As Summer Turns to Fall, Hunting for Strawberries
by Martinique Davis
Aug 19, 2009 | 183 views | 0 0 comments | 5 5 recommendations | email to a friend | print
Raising Elle

The first official day of fall is still more than a month away, but up here in the mountains the earth’s axial tilt out of the direct gaze of the sun is already perceptible.

I feel it in our living room, where a chill greets us in the morning since we’re still stubbornly leaving windows open to invite the gentle babble of Prospect Creek in for coffee. It’s in the shadows shifting over the roof earlier in the evening, compelling me to put dinner on the table before it gets dark. It’s in my garden, where the once robust Cosmos and Nasturtiums are draped in more muted shades and my delicate newborn peppers, once so promising, have frozen on the stem.

And last but not least it’s written on the calendar, with the ski area opening 100 days from Tuesday.

The slow shifting of summer into fall is like a gentle nudge, coercing me to take my daughter out into the woods more frequently these days so we can wring the last luscious drops of summer out of the slowly fading fabric of the season. Elle orchestrates our outdoor jaunts – on the Cross Mountain Trail, around Woods Lake, in Waterfall Canyon, and just a stone’s throw from our house on the Jurassic Trail – from her jaunty spot in a backpack on my shoulders. From there, she keeps reins on the dog who, she seems to believe, must be called back anytime he wanders ahead (“Eddy! Eddy! Ed-dy!”) and occasionally tugs my ponytail, but mostly she keeps a lookout for her favorite thing, “straw-bees.”

I’m still not sure how she can know when we’re passing by a patch of wild alpine strawberries – although I suppose it’s just a good guess, since these creeping plants are in no short supply along the trails we walk together.

“Strawbee!” she screams, pointing to the ground.

“Well, let’s see…” I’m always skeptical that we’ll actually find one of these little gem-like fruits among all the leaves, but Elle seems to have some kind of baby radar for wild strawberries hiding alongside the trail.
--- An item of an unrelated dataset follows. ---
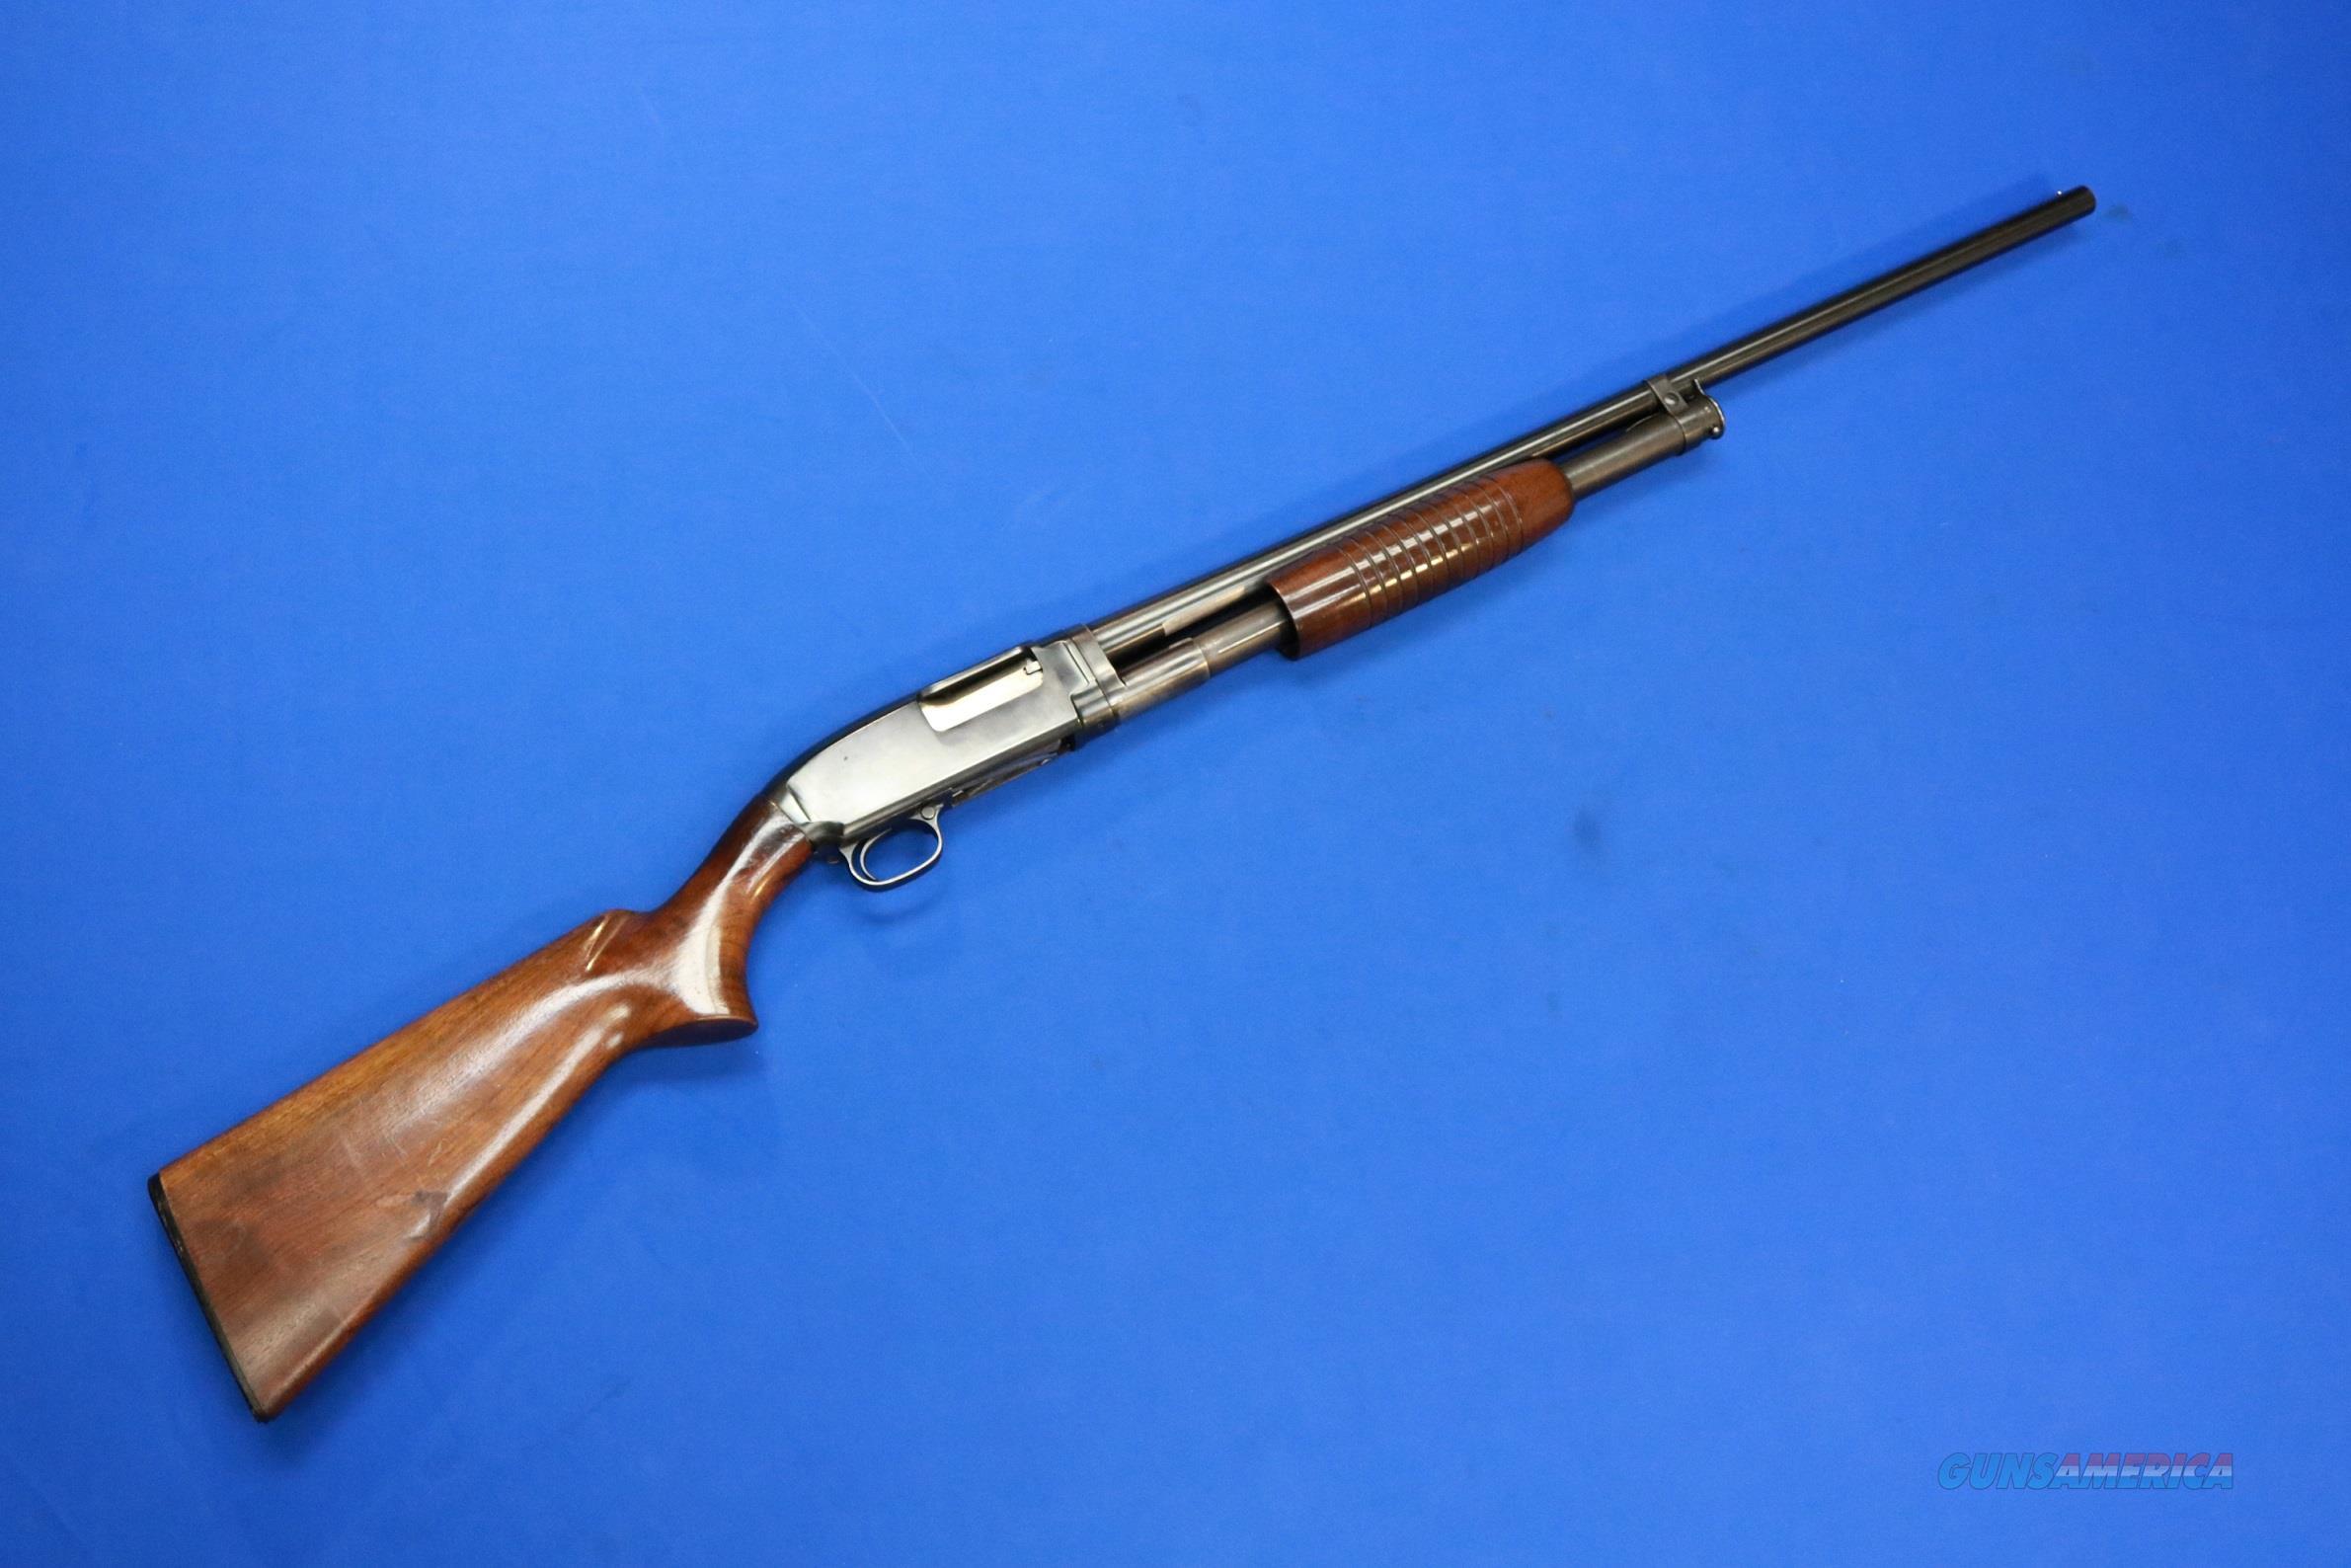 WINCHESTER MODEL 12 PUMP 16 GAUGE - 1960 Mfg.  Guns > Shotguns > Winchester Shotguns - Modern > Pump Action > Hunting

Or perhaps it’s simply that if you really take the time to find them, stooping in the grass rather than just giving a cursory glance before hustling on your way, wild strawberries have an uncanny way of getting into the mouth of an expectant toddler.

Elle loves wild strawberries, but she’s not picky. Raspberries, gooseberries, currants, and serviceberries have all found their way into Elle’s mouth this month, picked straight from the stem and delivered directly to her belly. She loves them all, even the not-quite-yet ripe, cause-you-to-pucker green-turning-purple globes of the prolific gooseberry bush we found on the shore of Woods Lake. Even the raspberries near our house, the thorny stems of which have a pesky way of poking her eager fingers. A sharp stab or two from a wild raspberry bush won’t slow this berry-picker down. Nor will wind, rain, thunder or mosquitoes.

“Strawbee! More. Strawbee.” (Elle hasn’t yet been able to verbally differentiate between the five or so different kinds of berries we can find around here, so for now they are all called strawberries.)

I remember as a child feeling elation at finding a wild strawberry under a leaf, or a ripe raspberry hidden on a bush. The berries themselves were spectacular, no doubt more delicious than anything you could buy in a plastic-wrapped package in a store, but they also held some kind of wild-born magic. They were like little nature presents, gift-wrapped in red and dark purple. Finding them was as exciting as finding Easter eggs – better, in fact, because I knew my mother hadn’t placed them there specifically for me to find.

At some point, during the shift from childhood into adulthood, I lost that jolt of exhilaration at finding a red-ripe berry to pluck from the vine. I’ve always been a berry-picker, there’s no question; but the fervent urgency to find one, followed by the thrill of locating the perfect specimen to pop into my mouth, waned as I grew older. Especially when there were more sophisticated things to forage around the woods for – like mushrooms.

Kids bring the old thrills of childhood back to their parents, through the purest and simplest of things. Like picking berries. I know my daughter is a berry-picker because I was one, and I would be lying to say that she is alone in being willing to put up with raindrops and mosquito bites while in the hunt for wild berries. The only difference now is that all of my hard-fought spoils go to one pint-sized victor, who doesn’t like to share her strawbees. (I sneak one or two at every picking, nevertheless.)

So while our mountain summer wanes, Elle and I pick berries, plucking the juiciest pearls from their hiding places; making sure, always, to save some for the mice and bears. They taste of sun and heat, rain and earth, but also of summers that have already passed, and of those still to come.